Sunday, September 30, 2007

Stephen King: 'What Ails the Short Story'

Is it just me, or is Stephen King's commentary in The New York Times Book Review a wee bit self-serving?

But first, a thanks to the best-selling novelist: It's always great when a household name draws attention to an area of artistic achievement that's too often given short shrift.

The short story frequently is underappreciated by readers and big publishing houses and, sometimes, by academics too quick to dismiss the genre as a form of literature inherently inferior to the novel.

King first identifies his problem with the art of the short story, as practiced by today's young writers: "Last year, I read scores of stories that felt ... not quite dead on the page, I won’t go that far, but airless, somehow, and self-referring. These stories felt show-offy rather than entertaining, self-important rather than interesting, guarded and self-conscious rather than gloriously open, and worst of all, written for editors and teachers rather than for readers."

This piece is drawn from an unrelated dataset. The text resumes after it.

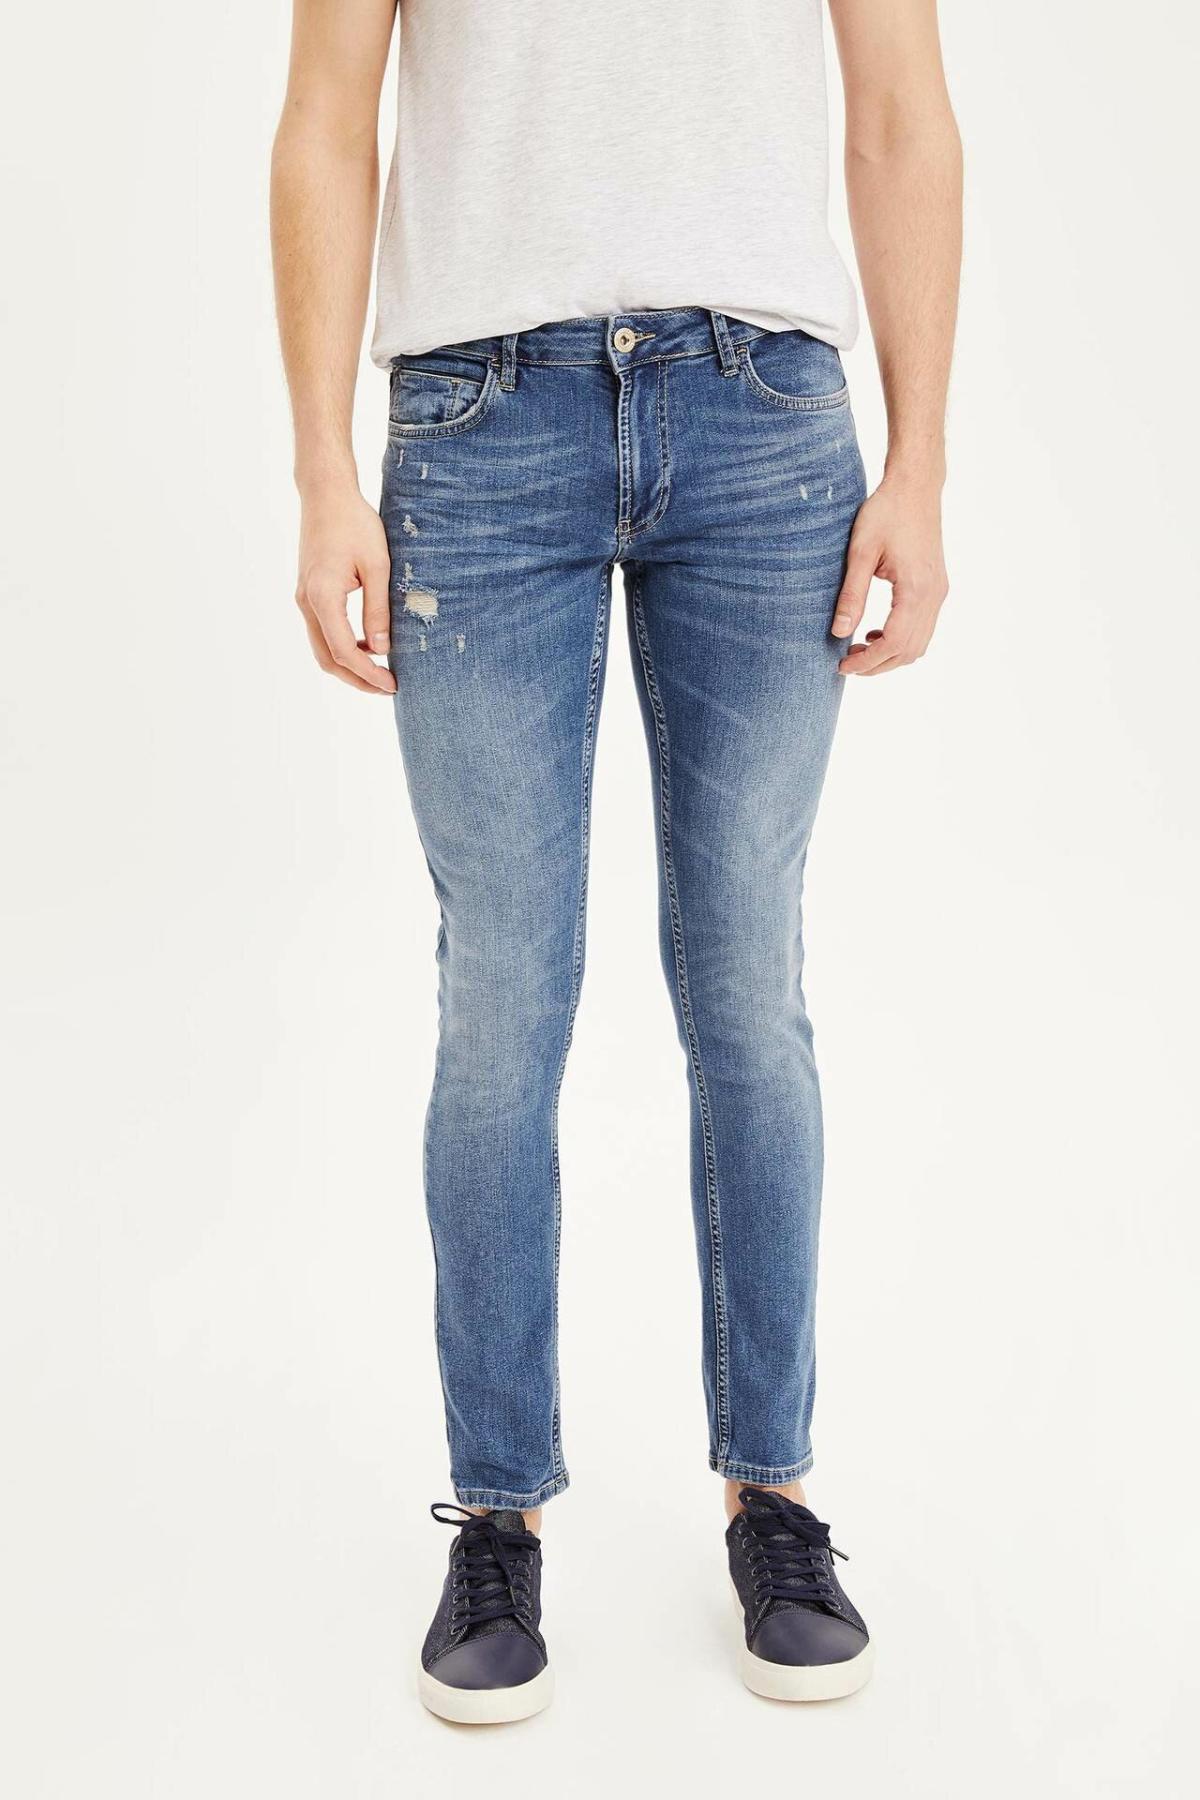 DeFacto Man Trousers-K0087AZ19SP

Then he identifies his solution (insert drumroll, please): Buy his book, er, the book that he's guest-editing this year. Says King: "Measures to be taken? I would suggest you start by reading this year’s 'Best American Short Stories.' They show how vital short stories can be when they are done with heart, mind and soul by people who care about them and think they still matter. They do still matter, and here they are, liberated from the bottom shelf."

So, uh, King has succeeded where others have failed, by identifying the truly great short stories out there?

Don't let that stop you from acquiring the above-mentioned collection, which includes pieces by John Barth and one of my favorite contemporary writers, T.C. Boyle. Earlier editions have been packed with great short tales by writers who, in some cases, have gone on to greater fame and fortune.

Other recommended short-story anthologies: The O. Henry Prize Stories, New Orleans Noir and the others in the 'Noir' series, and McSweeney's Mammoth Treasury of Thrilling Tales.